Reputation: 1932
I am trying downlaod the data from the Oxford Flowers 102 dataset and split it into training, validation and test sets using the tfds APIs. Here is my code:
# Split numbers
train_split = 60
test_val_split = 20
splits = tfds.Split.ALL.subsplit([train_split,test_val_split, test_val_split])
# TODO: Create a training set, a validation set and a test set.
(training_set, validation_set, test_set), dataset_info = tfds.load('oxford_flowers102', split=splits, as_supervised=True, with_info=True)
Trouble is when I print out dataset_info
I get the following numbers for my test, train and validation sets
total_num_examples=8189,
splits={
'test': 6149,
'train': 1020,
'validation': 1020,
},
Question: How do I get the data to split into 6149 in the training set and 1020 in the test and validation sets?
Upvotes: 2
Views: 1616
Reputation: 1250
It seems to be a bug in the dataset itself. Especially because the total size of the dataset is 8189 and 6149 is not 60% of the total but 75%, so you didn't perform any splitting at all. They probably labeled the splits in the wrong way. Also, even when I try to load the dataset with the different ways described here ( https://github.com/tensorflow/datasets/blob/master/docs/splits.md ) I got the same wrong splitting.
An easy solution would be to just pass to the model the test set as training set and vice versa, but you will not have the percentage you want. Otherwise you can load the entire dataset (train+test+validation) and then split it by yourself.
df_all, summary = tfds.load('oxford_flowers102', split='train+test+validation', with_info=True)

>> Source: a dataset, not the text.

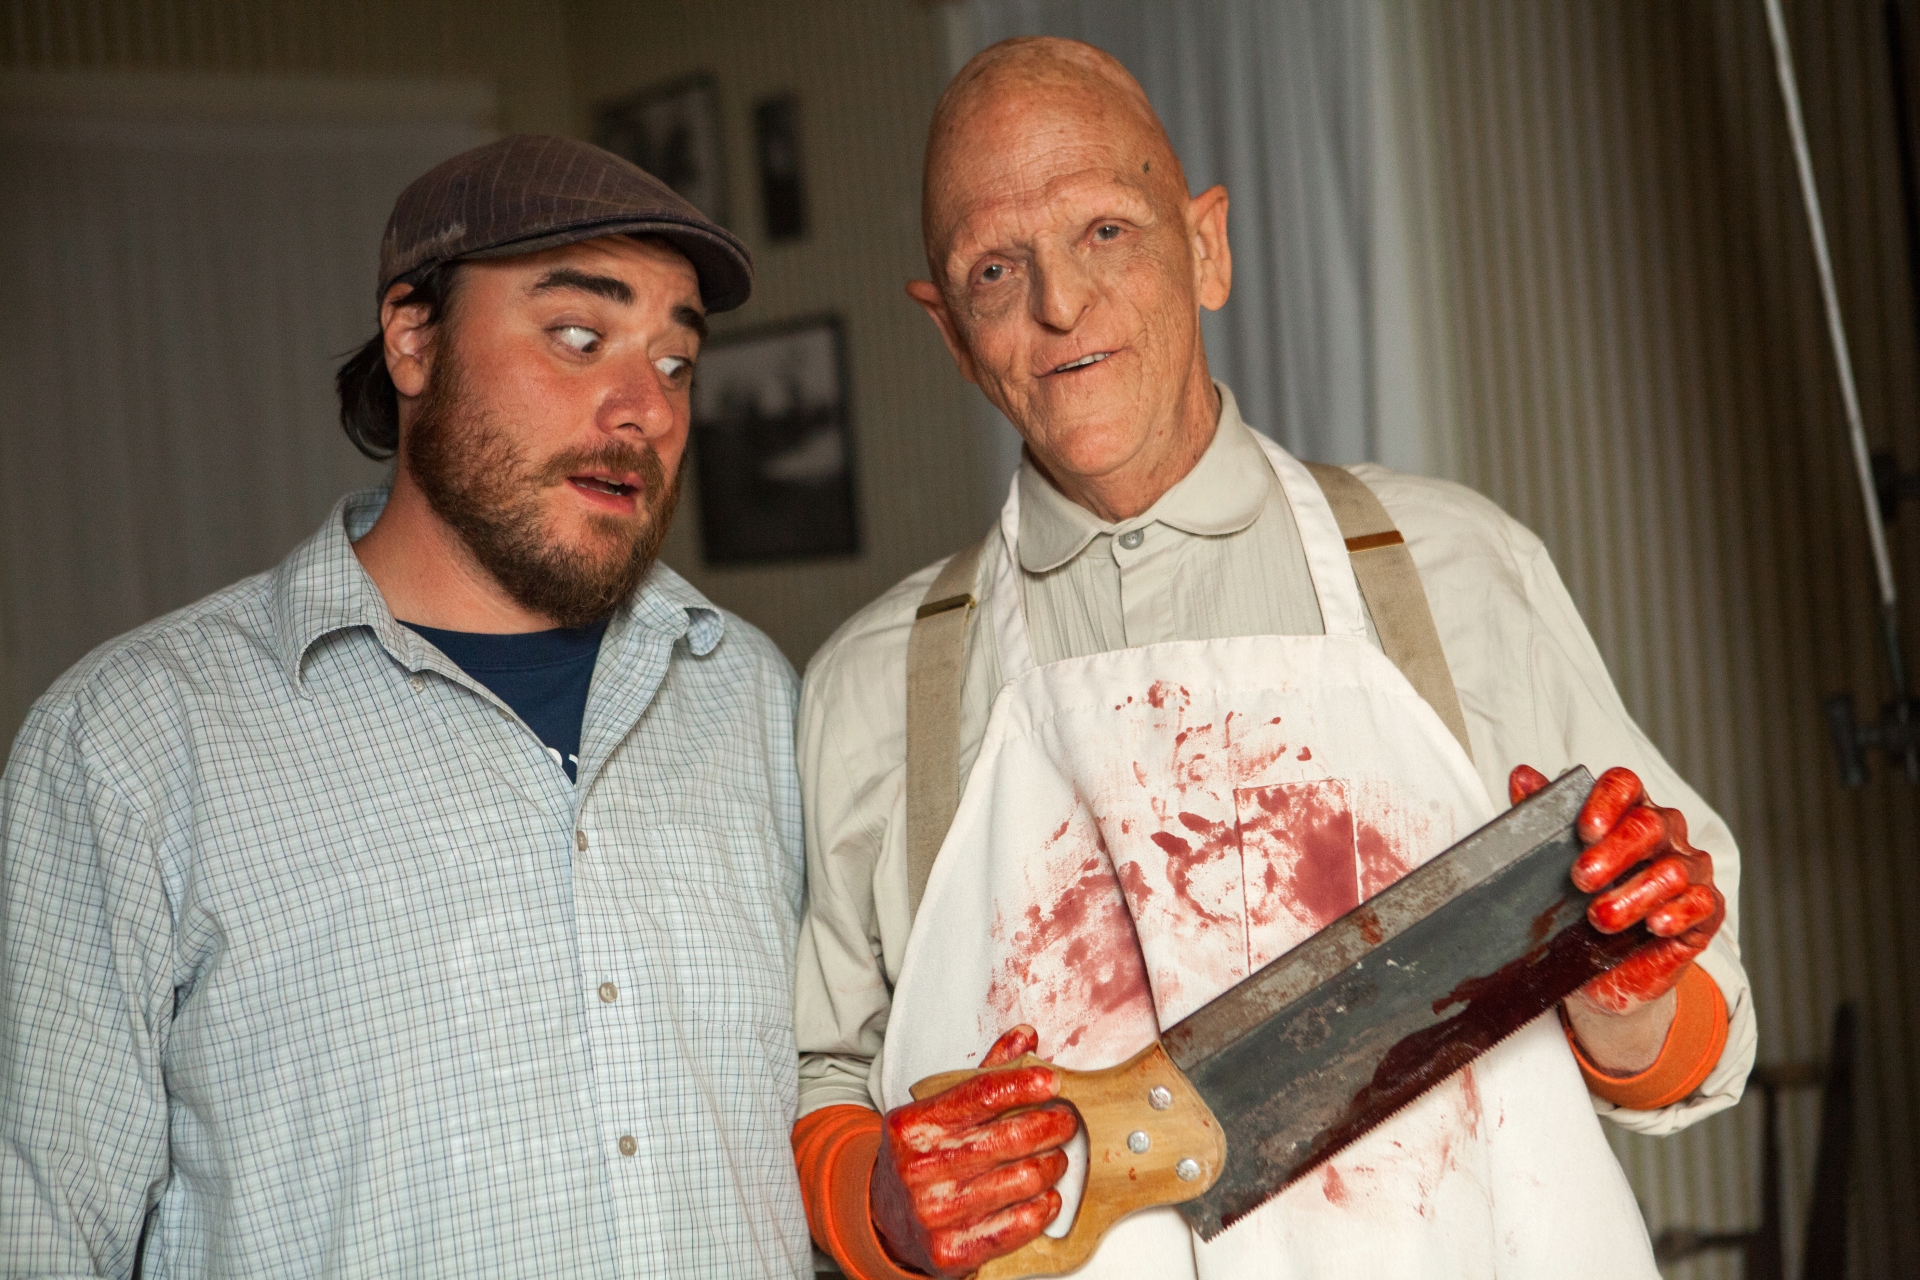 Co-writer/director Duane Graves with Michael Berryman (One Flew Over the Cuckoo's Nest, Weird Science, The Hills Have Eyes), on the set of RED ON YELLA, KILL A FELLA, December, 2012

# check if the dataset loaded truly contains everything
df_all_length = [i for i,_ in enumerate(df_all)][-1] + 1
print(df_all_length)
>>out: 8189 # length is fine
train_size = int(0.6 * df_all_length)
val_test_size = int(0.2 * df_all_length)
# split whole dataset
df_train = df_all.take(train_size)
df_test = df_all.skip(train_size)
df_valid = df_test.skip(val_test_size)
df_test = df_test.take(val_test_size)
df_train_length = [i for i,_ in enumerate(df_train)][-1] + 1
df_val_length = [i for i,_ in enumerate(df_val)][-1] + 1
df_test_length = [i for i,_ in enumerate(df_test)][-1] + 1
# check sizes
print('Train: ', df_train_length)
print('Validation :', df_valid_length)
print('Test :', df_test_length)
>>out: 4913 #(true 60% of 8189)
>>out: 1638 #(true 20% of 8189)
>>out: 1638
Upvotes: 5